Wine blending in South Australia

Step into the home of Australia’s most prestigious wine, Penfolds
Grange Shiraz. Think you can match it? Roll up the shirtsleeves and make
your own red wine blend using Grenache, Shiraz and Mourvedre grapes, a
great souvenir to take home with you. Tours run daily at Penfolds
historic Barossa Valley cellar door in Nuriootpa, one and a half hours’
drive north of Adelaide amidst rolling farmlands and vineyards. While
you’re there, be sure to taste Penfolds’ extensive range, from the famed
Grange to its everyday drinking range of reds and whites.

Barramundi fishing in Western Australia

High on the Western Australian coastline, the Kimberley Coastal Camp
is a tiny cluster of ecologically sustainable bures reached only by
helicopter or boat. Visitors are lured by ancient Aboriginal rock art,
birdwatching and the mighty barramundi – ‘barra’ if you’re talking to a
local. You can fish barra all year round up here, though they’re more
active in the warmer months of April and May, and again in August. The
camp’s experienced fishing guides will kit you out with quality
equipment and teach you the tricks of thinking like a barra to make the
catch.

Truffle Hunting in Australian Capital Territory

Rug up for a wintery morning in an oak forest on the outskirts of
Canberra, and you’ll be rewarded with the jewels of the kitchen:
truffles. Snuffle the truffle dog and owners Sherry and Gavin
McArdle-English will teach you how to hunt and handle French black
truffles that will make their way to market and be served in Australia’s
best restaurants. The hunt ends in the warm truffle shed with a
weight-guessing competition and truffle crème brulee. Truffle hunts run in winter, from June to August.

Mudcrabbing in Queensland

So you love crab? Learn to wrangle them on a two-and-a-half-hour
cruise down the Tweed River, about 10 minutes south of Queensland’s Gold
Coast. The daily tours
let you trap live crabs, hauling crab pots and tieing them up for a
great photo op. You can also hand-feed massive, ever-hungry pelicans and
throw a hopeful fishing line in the river. They’ll supply the gear, you
bring the luck.

Finding bush tucker in the Northern Territory

Go on safari
in one of the world’s great wildernesses to find turtles and snakes,
gather fruits and yams and celebrate with a bush feast around the
campfire. An open safari truck takes you through Kakadu National Park,
three hours’ drive from Darwin in the Northern Territory. Meet Kakadu’s
Aboriginal community, learn about their languages, bush lore and their
“dreamings” and witness birds massing at the Gindjala wetland. You’ll
finish at sunset with a cup of billy tea, hot damper (bread cooked in
the fire’s embers) and the results of your day’s hunting and gathering.

Game fishing in New South Wales

Get your Hemingway on and chase the big fish of the deep blue sea in
the rich waters off the south coast of New South Wales.
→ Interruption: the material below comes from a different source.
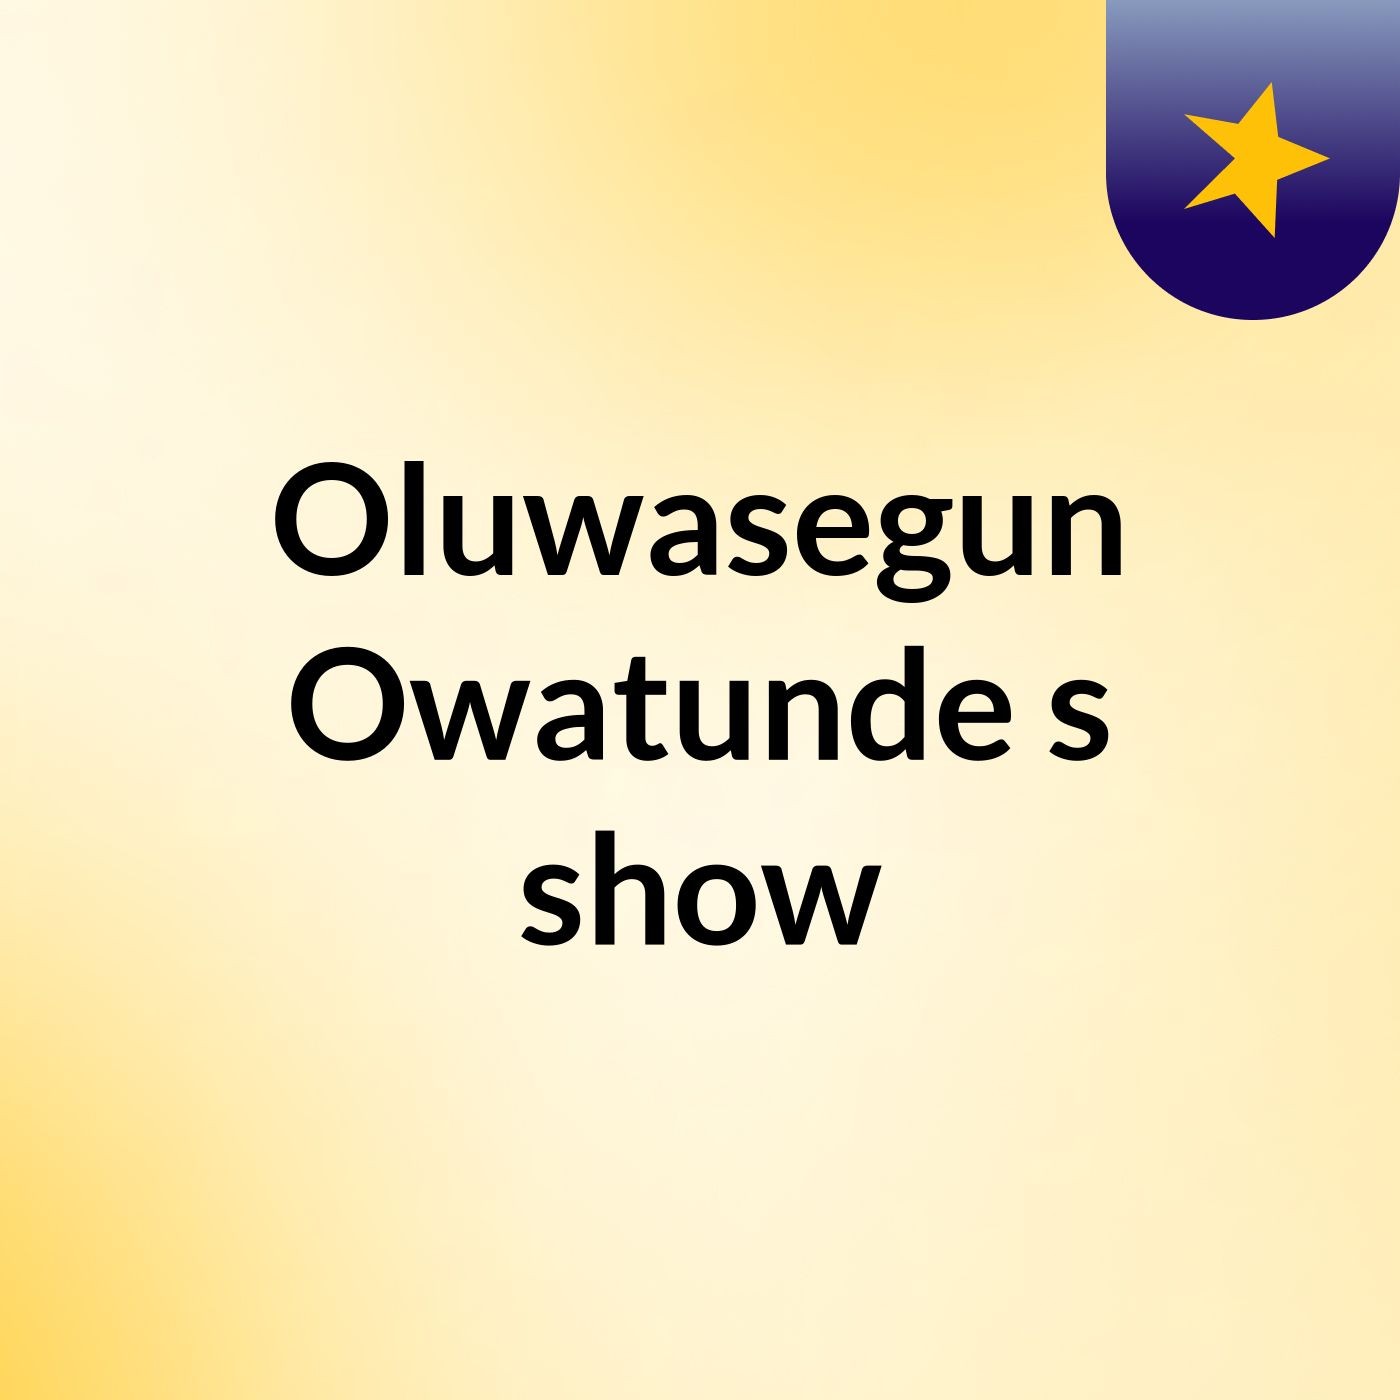 Episode 13 - Oluwasegun Owatunde's show

There’s mighty
marlin to lure as well as yellow fin, albacore and striped tuna. You may
spot some powerful broadbill swordfish and sharks, and while they’re
not for anglers, majestic Humpback whales use this corridor on their
annual journey to and from Antarctica. Keep your eyes open for seals,
sea eagles and penguins, too. Freedom Charters
supply all equipment and you can catch and release, or capture your
haul. Eden’s thrilling game fishing season runs from November till
July.

Making coffee in Victoria

Nobody drinks coffee like Melburnians drink, and its fabulous café
society just keeps evolving. If you love the bean and want to try this
at home, Sensory Lab‘s
45-minute one-on-one barista classes will have you frothing, tamping,
grinding and pouring like a pro. Start as a beginner, learning all the
skills to flatter with your latte, or caress with your capuccino. Take
it to the next level and get serious with milk texturing and making
those pretty little hearts and ferns on the top of the cup or go into
syphoning.

Cooking class in Tasmania

Roll up your sleeves and cook Tasmania’s top produce, much of it
sourced from the markets on the morning of your cooking class. The Red Feather
has been serving patrons since 1842, when it was built as a coaching
inn by convicts sent to “Van Diemen’s Land” from the United Kingdom. The
beautiful sandstone buildings are just south of Launceston, Australia’s
third oldest city. You’ll learn the secrets of perfect baking, smoking
and curing meats and whatever the markets offer that day. And the best
part? You get to eat the fabulous fruits of your labour (with a little
help from a chef, of course).

This story by Belinda Jackson was first published by Tourism Australia, who is inviting the world to dinner. 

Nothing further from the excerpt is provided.